BEGIN Information shown

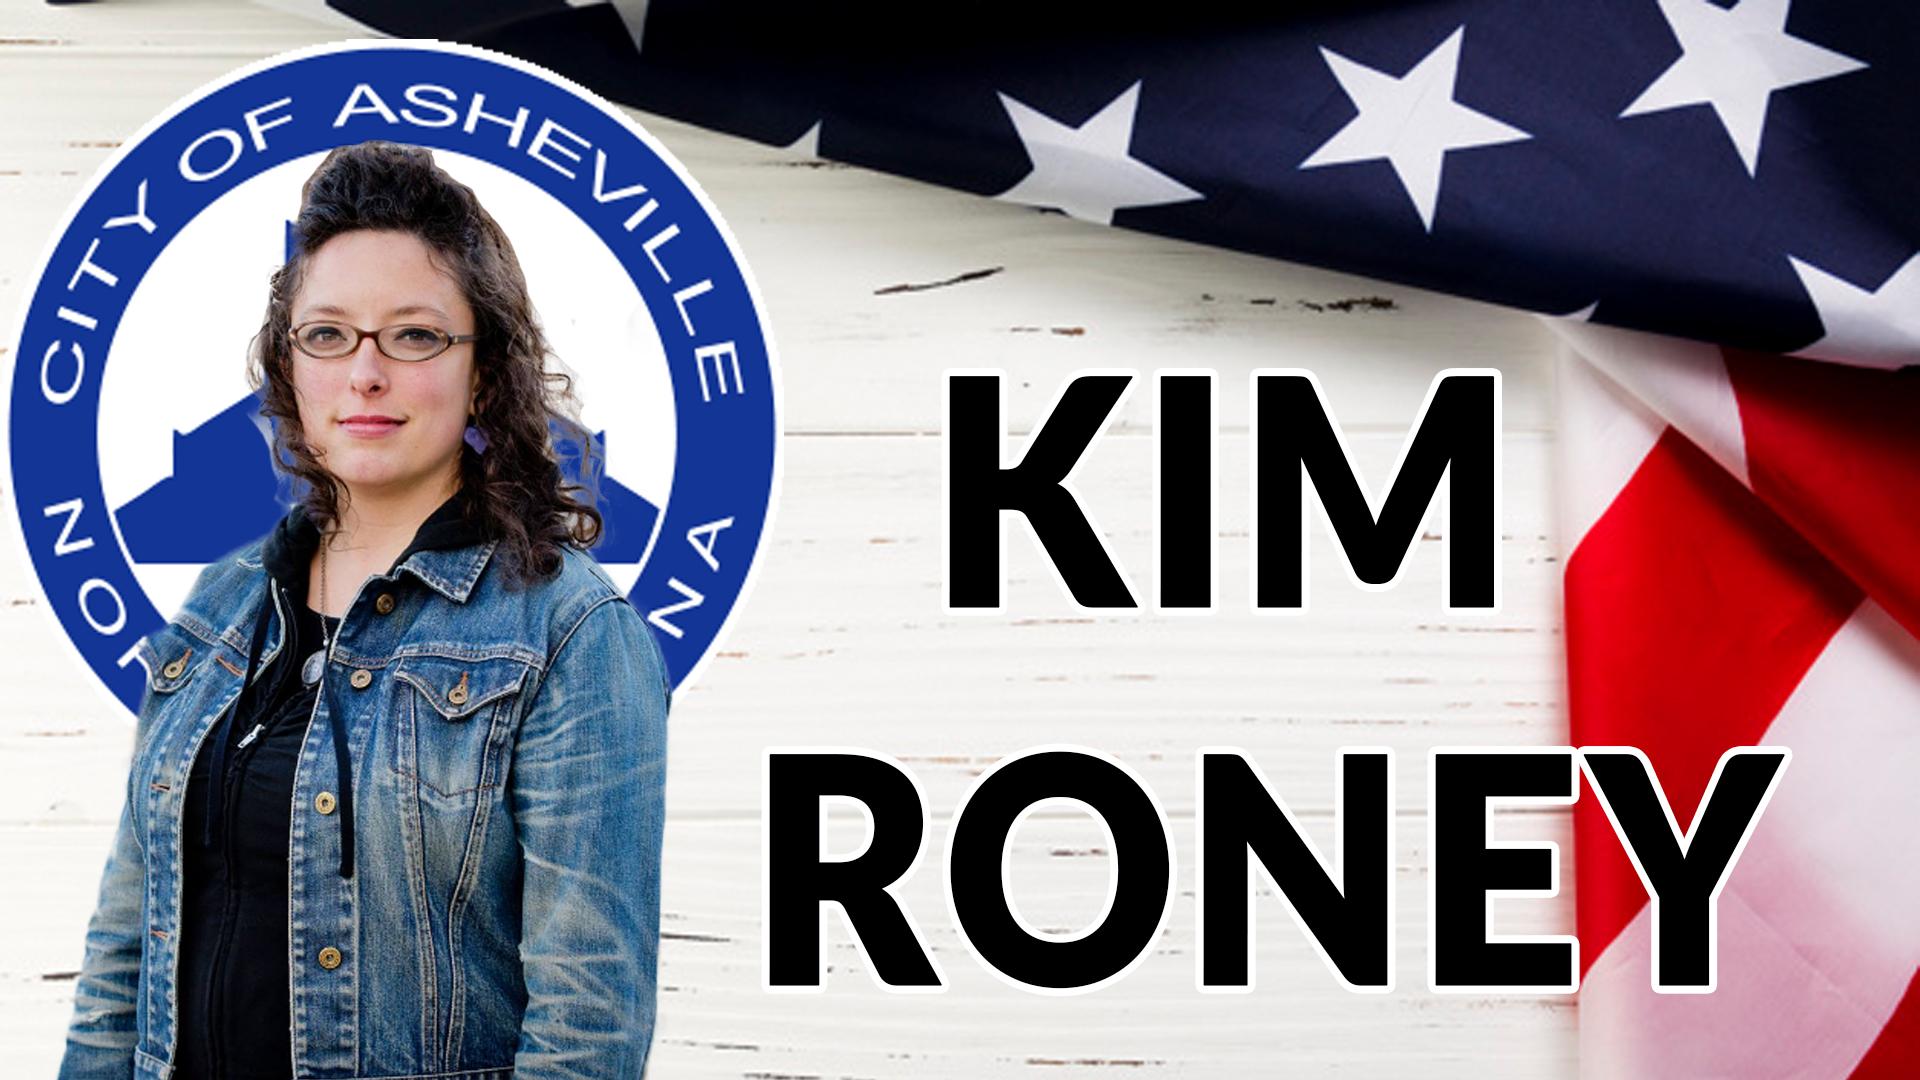 KIM RONEY FOR ASHEVILLE CITY COUNCIL | AREN 139
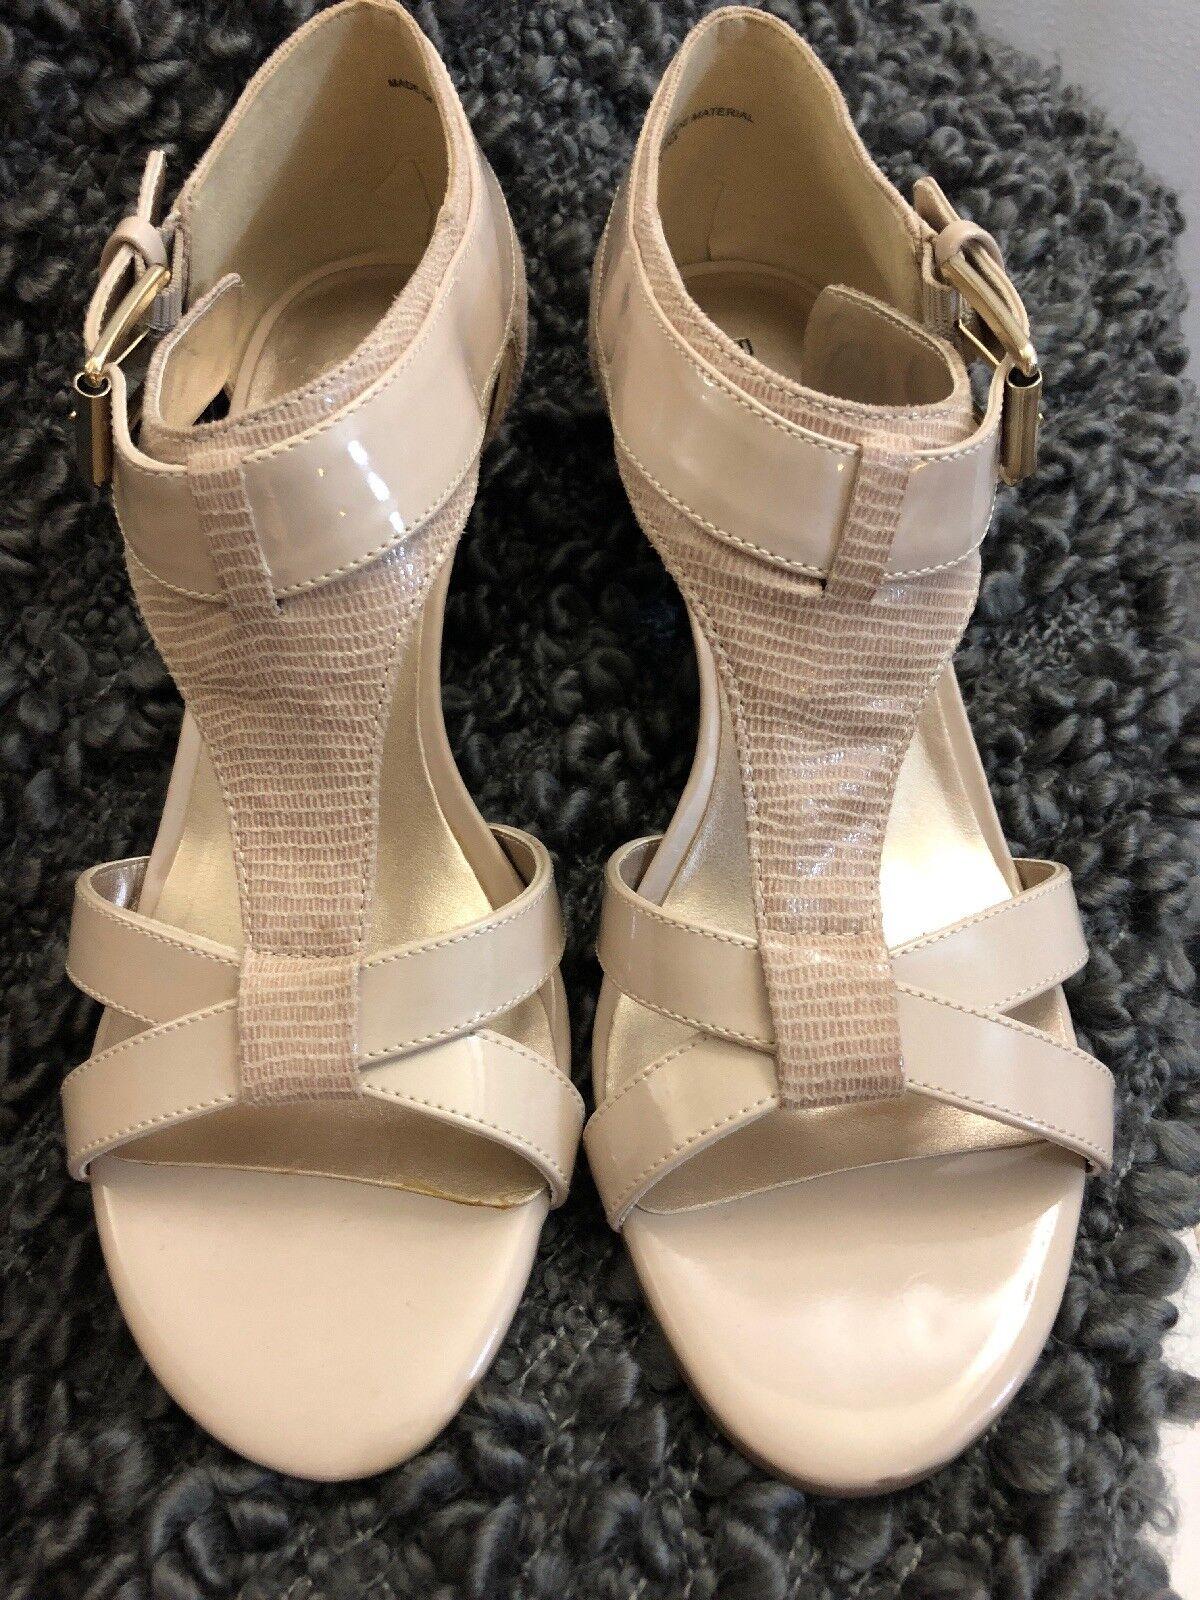 Men/Women Sales Bandolino Beige Sandals - Size 6M Fashion pattern Sales Men/Women Italy Seasonal hot sale 164511
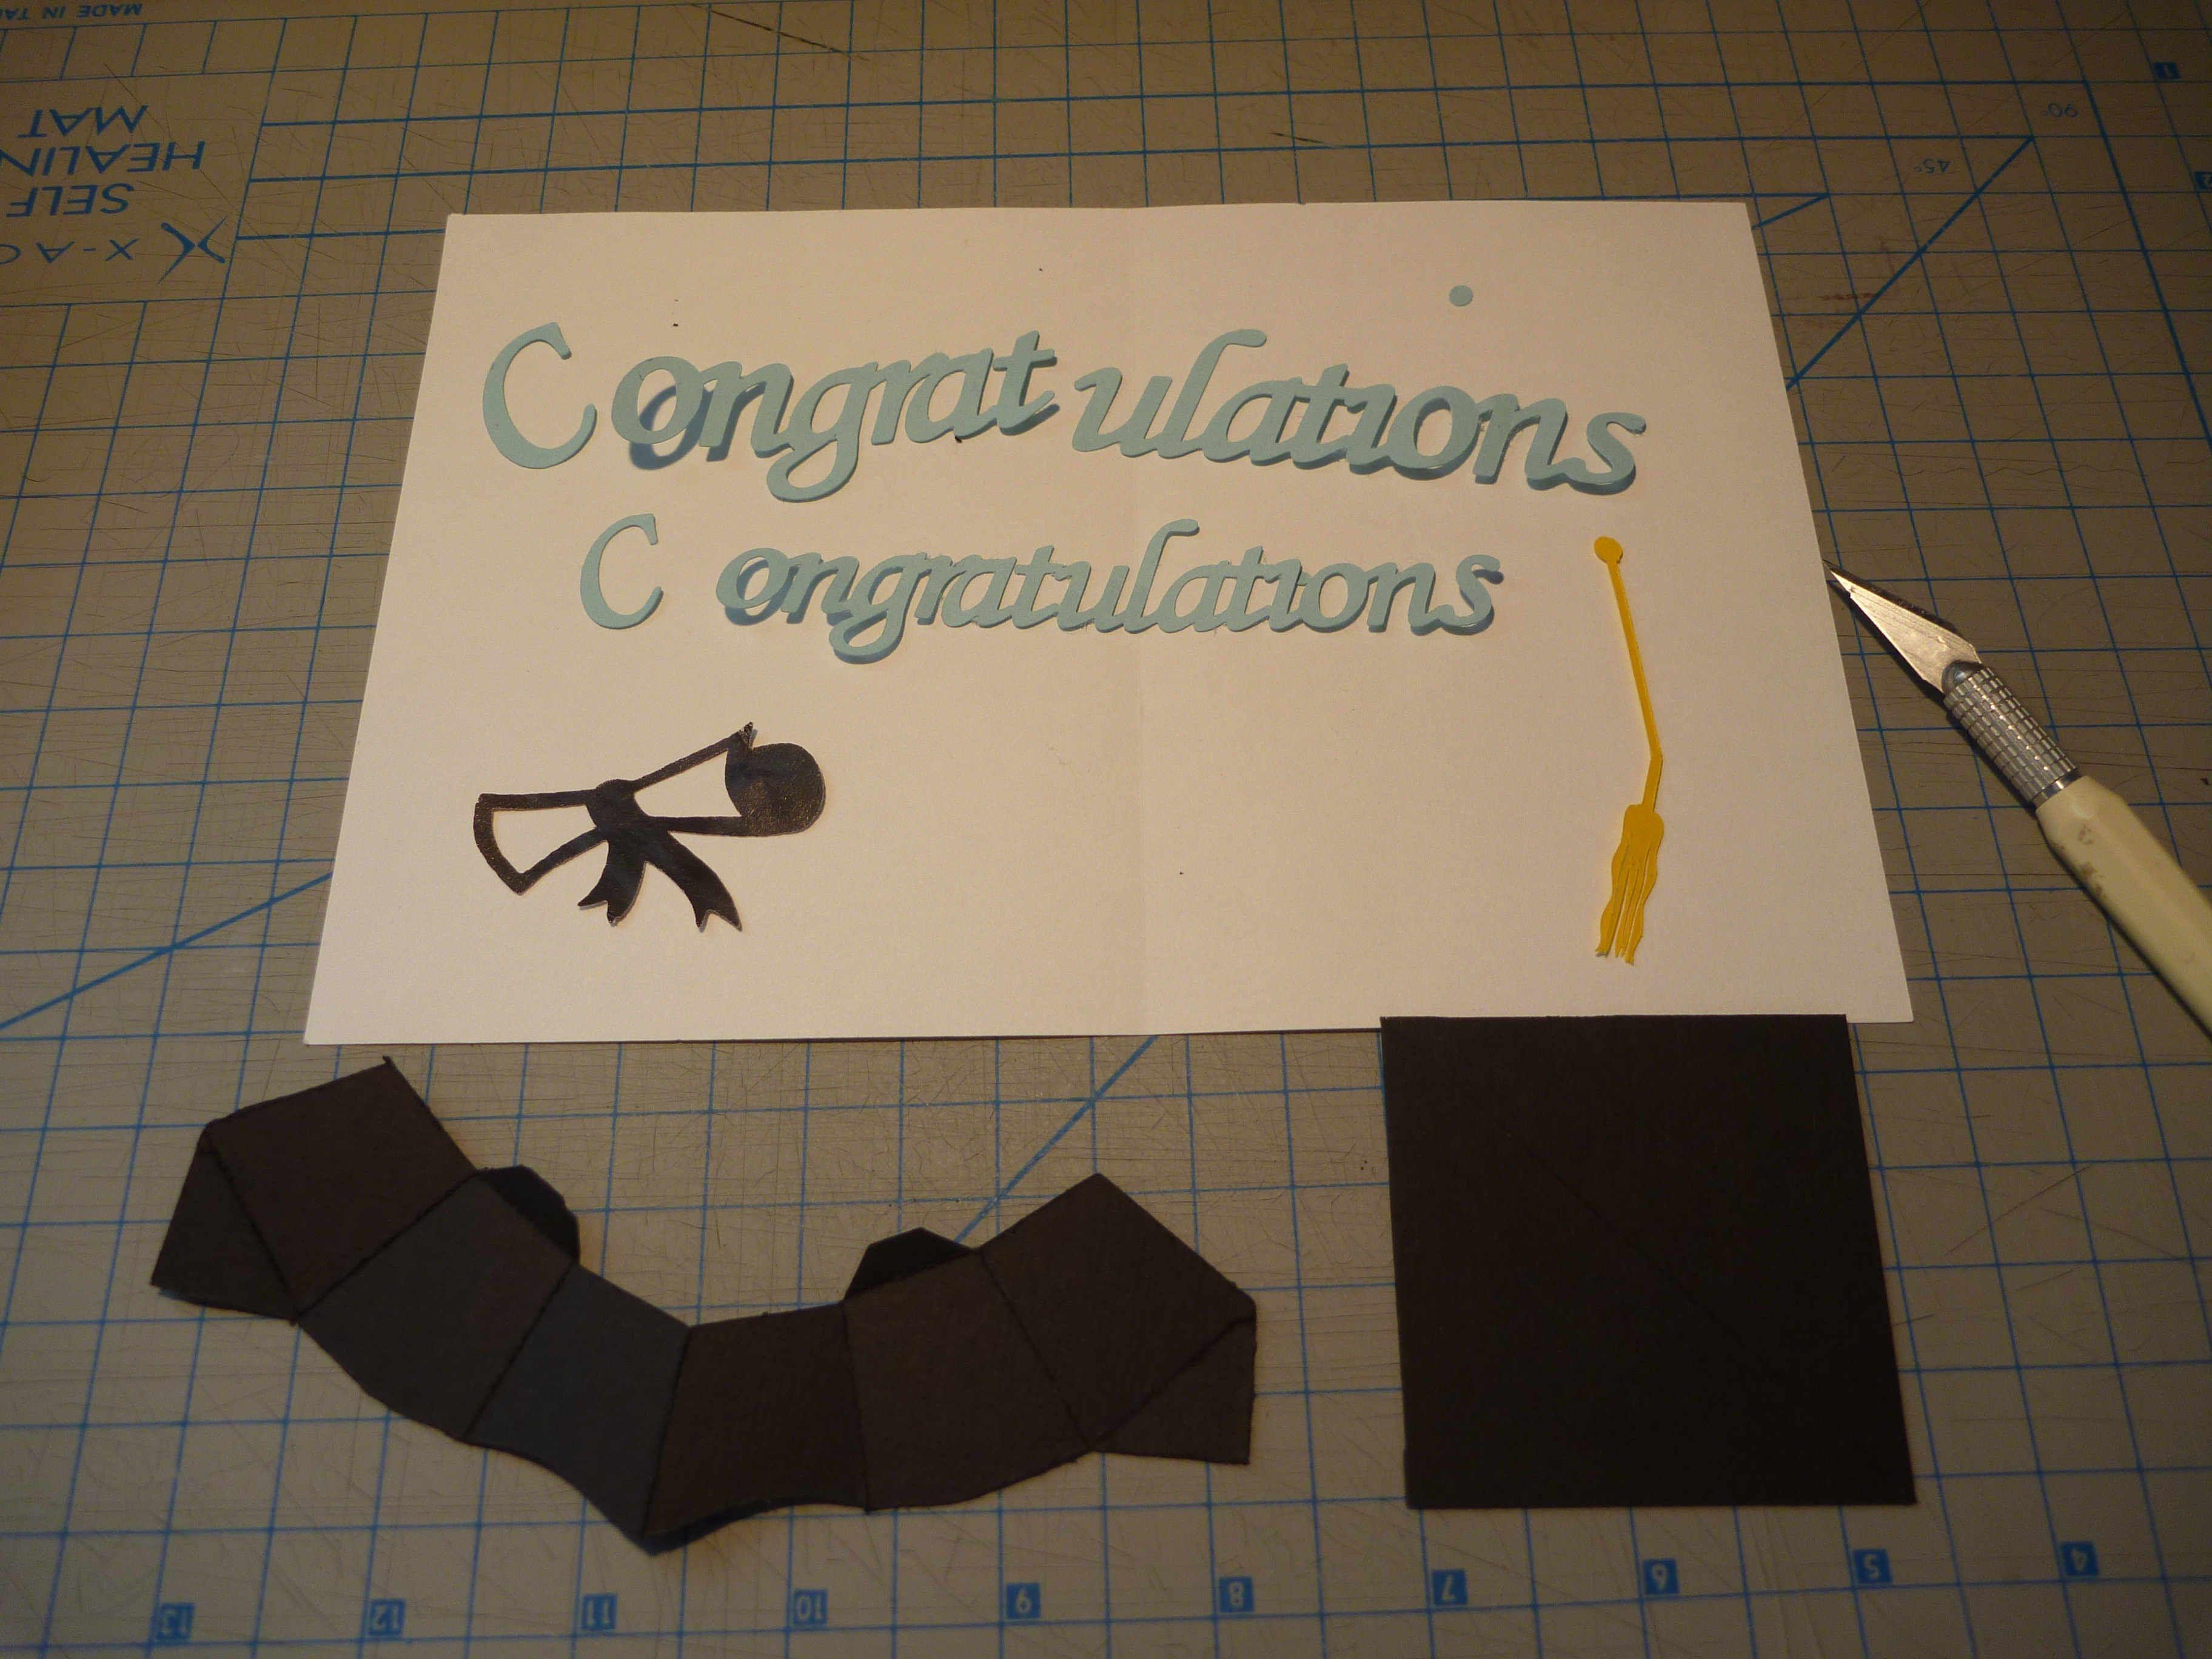 Graduation Pop Up Card 3d Cap Tutorial Creative Pop Up Cards For Graduation Pop Up Card Template Cumed Or Pop Up Cards Pop Up Card Templates Card Template

END Information shown

Apart from its pictures, the data is to be repeated exactly.

**Answer to the problem**
 KIM RONEY FOR ASHEVILLE CITY COUNCIL | AREN 139
 Men/Women Sales Bandolino Beige Sandals - Size 6M Fashion pattern Sales Men/Women Italy Seasonal hot sale 164511
 Graduation Pop Up Card 3d Cap Tutorial Creative Pop Up Cards For Graduation Pop Up Card Template Cumed Or Pop Up Cards Pop Up Card Templates Card Template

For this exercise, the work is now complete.